- Scientists say DNA molecules are more compact and long-lasting than any other method of storing information.
- Using the microchip, multiple strands of DNA can be simultaneously grown
- All films made so far could be stored in a space smaller than a sugar cube, if they were kept as DNA
Finding a way to store data efficiently and inexpensively in a world overwhelmed by data is becoming a more challenging daily task. Archiving information in DNA molecules is one of the most exotic solutions that could be the best. A significant step forward has been made toward storing information as DNA molecules, which are compact and last longer than other options.
Today, the world has about 10 trillion gigabytes of digital data, and everyday humans produce another 2.5 million gigabytes of digital data through email, photos, tweets, and other forms of communication. Many of these databases are stored in large data centers known as exabyte data centers (an exabyte is 1 billion gigabytes), which can be the size of several football fields and cost upwards of $1 billion to build and maintain.
DNA, which evolved to store vast amounts of information at extremely high density, holds an alternative solution to this problem. Professor of biological engineering Mark Bathe says a coffee cup filled with DNA could theoretically store all of the world’s data.
By storing vast amounts of information in tiny molecules, we would be able to keep our precious data on life’s preferred storage medium. Scientists also believe the data could last thousands of years. They claim their chip would improve existing forms of DNA storage by 100 over existing ones.
DNA is most commonly associated with life, not computers. A four-letter code, DNA, is itself a way of passing along information about an organism. Each nucleotide in DNA is represented by a letter, and the four different types of bases are:
- Adenine (A)
- Thymine (T)
- Guanine (G)
- Cytosine (C)
They provide the instructions for building all living things on earth, serving as the basis of all DNA code. The wells used to grow DNA on the chip are smaller than a sheet of paper and are a few hundred nanometers deep. Microchips with multiple microwells, such as the current prototype, can synthesize DNA strands in parallel. Current prototypes are about 2.5cm (1 inch) square. Thus, it will be possible to grow more DNA in a shorter period.
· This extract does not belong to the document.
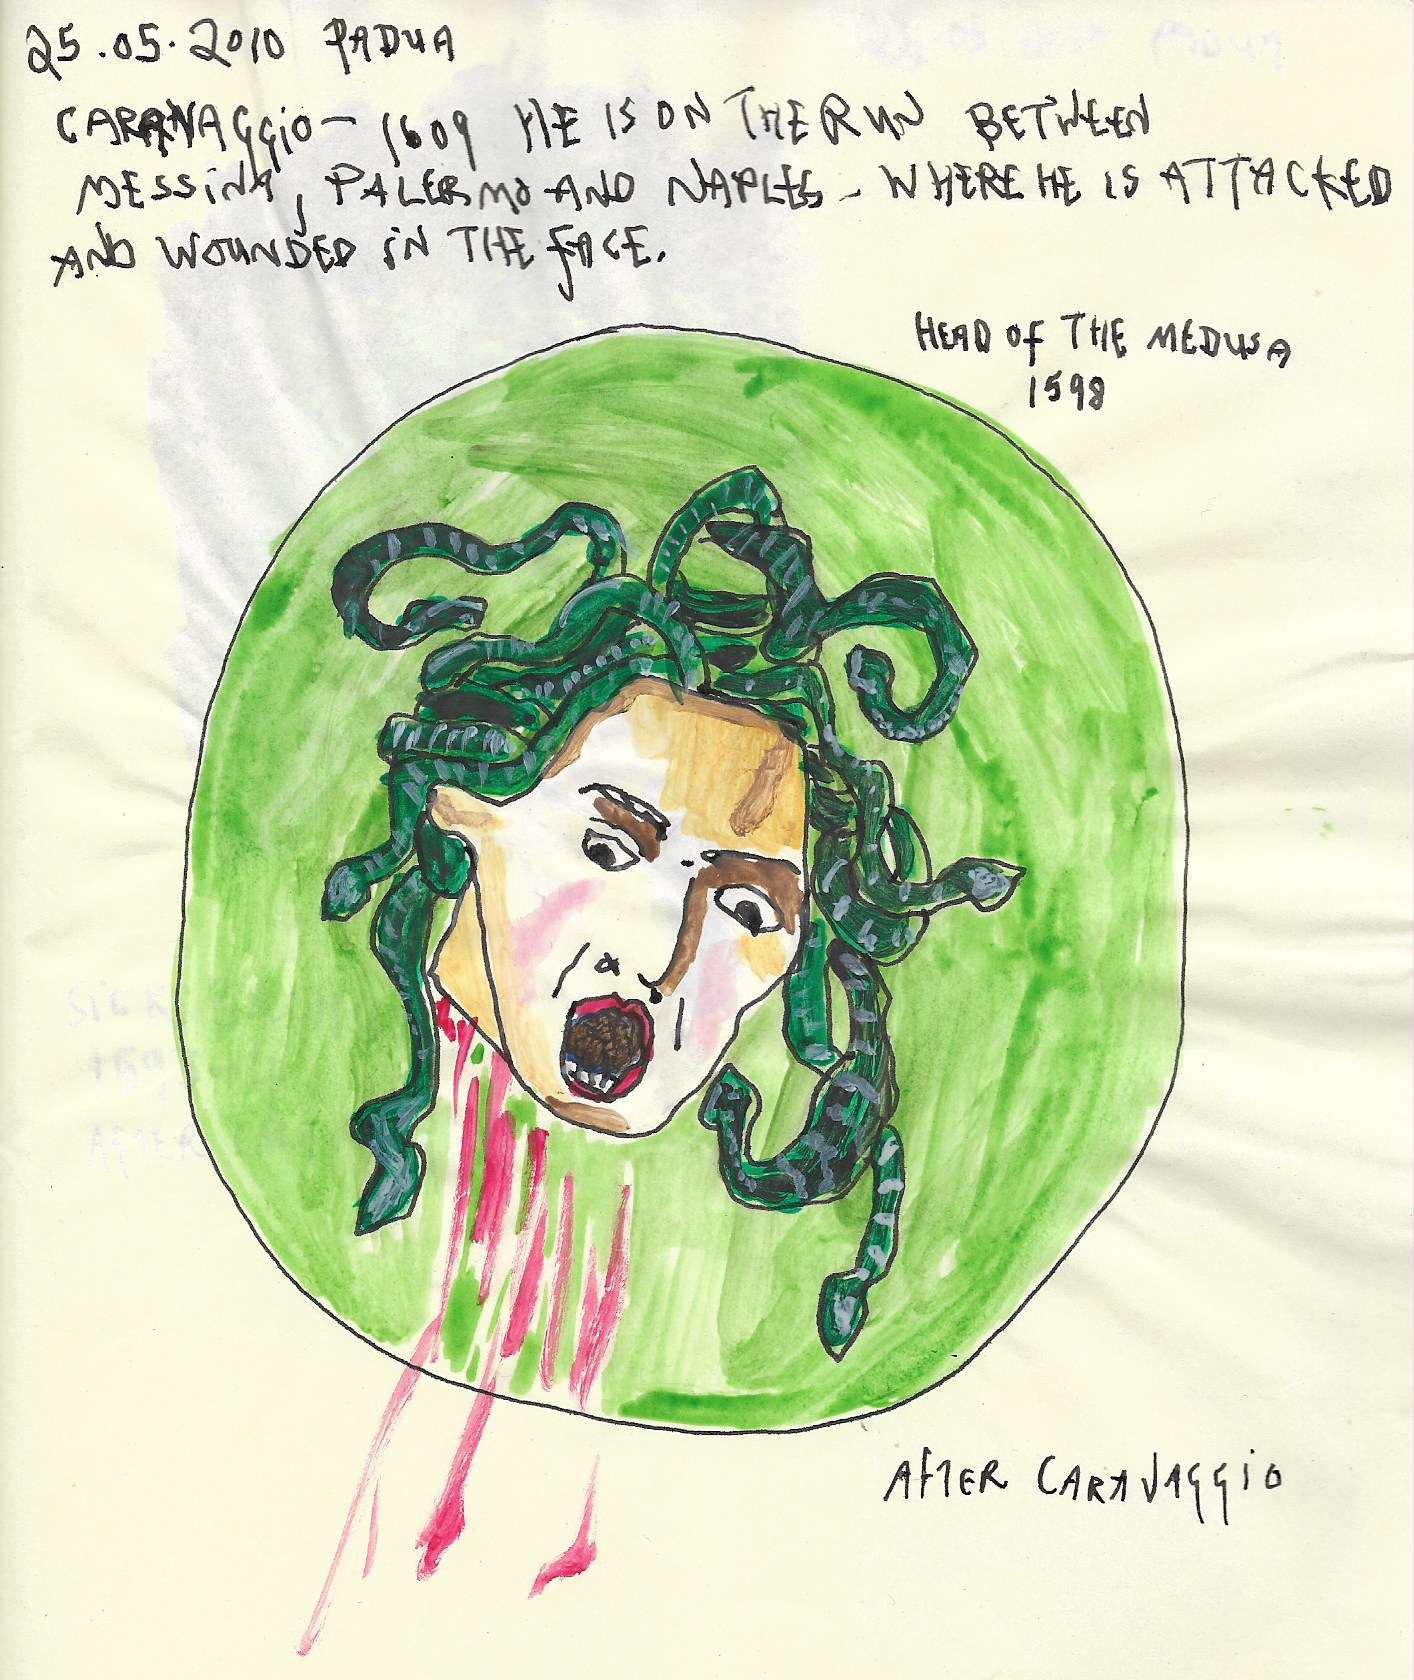 Drawing of Medusa's head (from Greek mythology winged human female with living venomous snakes in place of hair) on a circle of green.

Information stored in digital storage systems is encoded as a series of 0s and 1s. Using the four nucleotides present in DNA, the genetic code can contain the same information: A, T, G, and C.
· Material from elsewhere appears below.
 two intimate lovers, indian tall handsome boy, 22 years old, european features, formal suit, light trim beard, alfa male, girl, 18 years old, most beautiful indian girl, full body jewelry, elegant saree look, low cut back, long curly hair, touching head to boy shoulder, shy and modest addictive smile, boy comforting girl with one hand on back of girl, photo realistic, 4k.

DNA has several other advantages as a storage medium: It is highly stable, and it is easy (but expensive) to synthesize and sequence. A DNA exabyte fits in your palm because each nucleotide, equivalent to two bits, is as tiny as a cubic nanometer.
A new retrieval method developed by the MIT team involves encapsulating each DNA file in a tiny silica particle. In addition to the single-stranded DNA “barcodes,” each capsule is labeled with the file’s contents. This approach was demonstrated by encoding 20 different images into long pieces of DNA that are 3,000 nucleotides long, approximately 100 bytes long.
There was a barcode labeled “cat,” “orange,” and “wild,” indicating an image of a tiger. When the researchers want to pull out a specific embodiment, they remove DNA samples and add primers corresponding to the labels they want to find.
Molecular Information Storage (MIST) is part of the Intelligence Advanced Research Projects Activity (IARPA) ADS Codex. MIST plans to acquire big-data storage for governments and the private sector for less than $1,000. Its short-term goal is to write one terabyte – a trillion bytes – and read ten terabytes within 24 hours. Taking advantage of DNA’s enormous capabilities will allow the world’s voracious appetite for data storage to be satisfied. As technology advances, new tools, as well as new applications, must be developed. You shouldn’t be surprised if the most valuable archives on earth find a new home in a collection of molecules the size of a poppy seed one day.
The error rate of DNA storage is higher than that of conventional hard drive storage. GTRI has come up with a method for identifying and correcting these errors in collaboration with University of Washington researchers. This research was funded by IARPA, an agency that supports science that addresses challenges relevant to the US intelligence community.